◆ **AIM OF THE EXERCISE**: Retype the material that follows exactly, limited to the lines from the one with "celtic_queen_antler_headdress_by_savagepunkstudio-d6x537y.jpg" through the one with "Lounge - Modulaire William", and keep out all pictures.

◆ **INPUT MATERIAL**:
========================================================================

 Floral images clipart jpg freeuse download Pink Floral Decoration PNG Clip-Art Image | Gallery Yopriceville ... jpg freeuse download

========================================================================

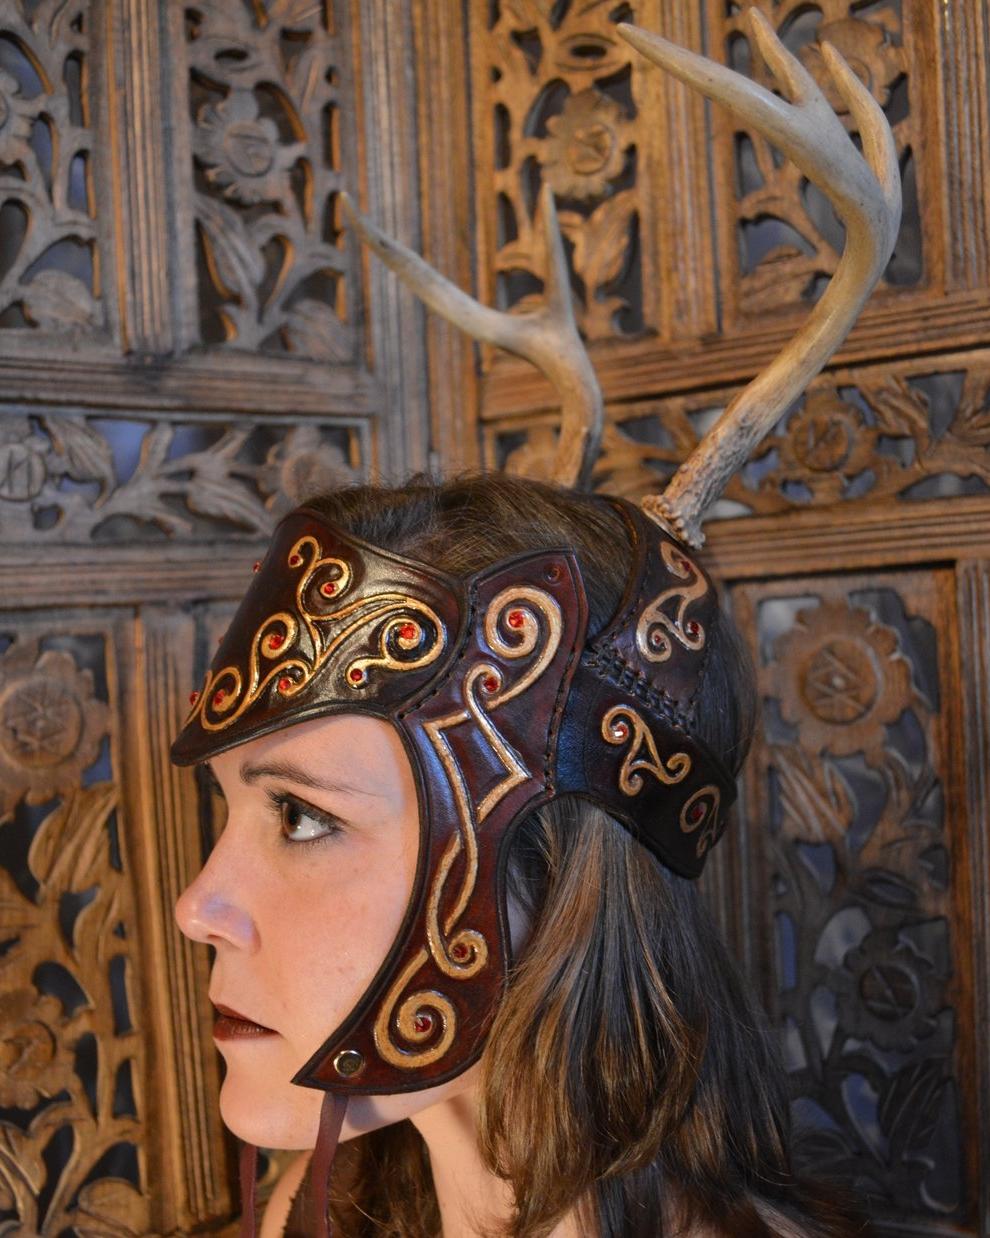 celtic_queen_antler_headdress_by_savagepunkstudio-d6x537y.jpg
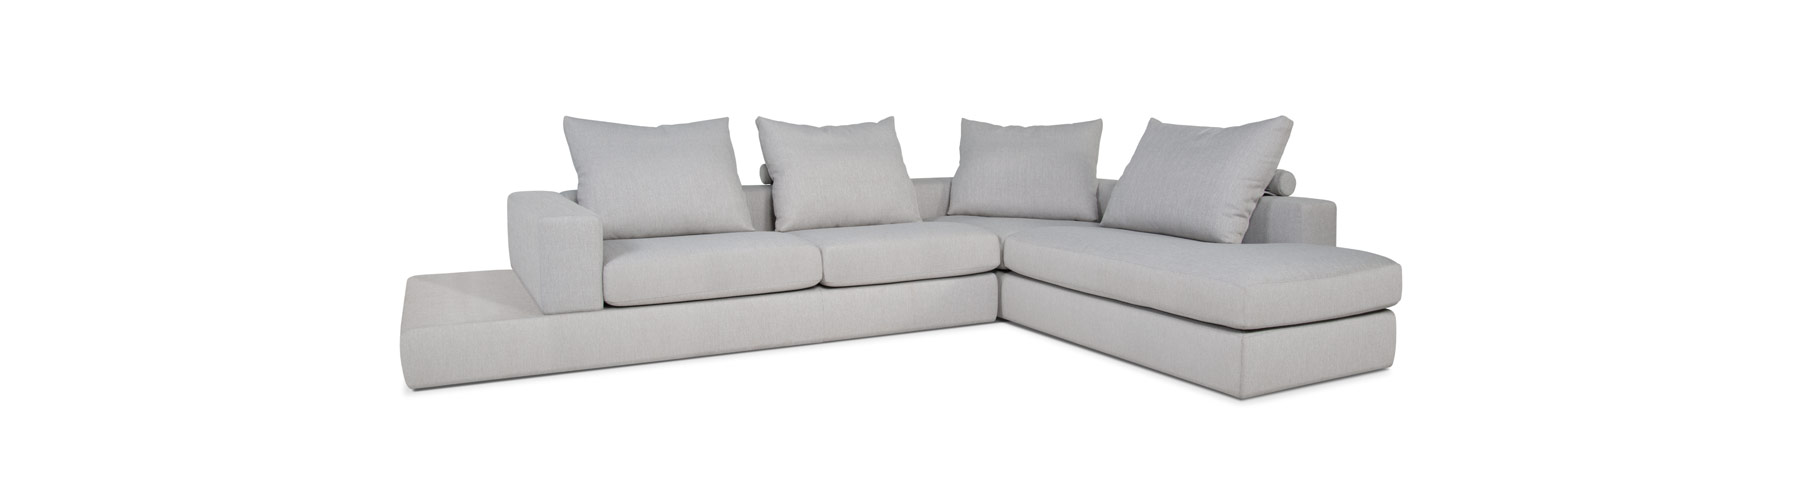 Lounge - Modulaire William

========================================================================

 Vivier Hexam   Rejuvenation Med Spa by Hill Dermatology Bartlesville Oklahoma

========================================================================

◆ **WRITTEN RESPONSE**:
 celtic_queen_antler_headdress_by_savagepunkstudio-d6x537y.jpg
 Lounge - Modulaire William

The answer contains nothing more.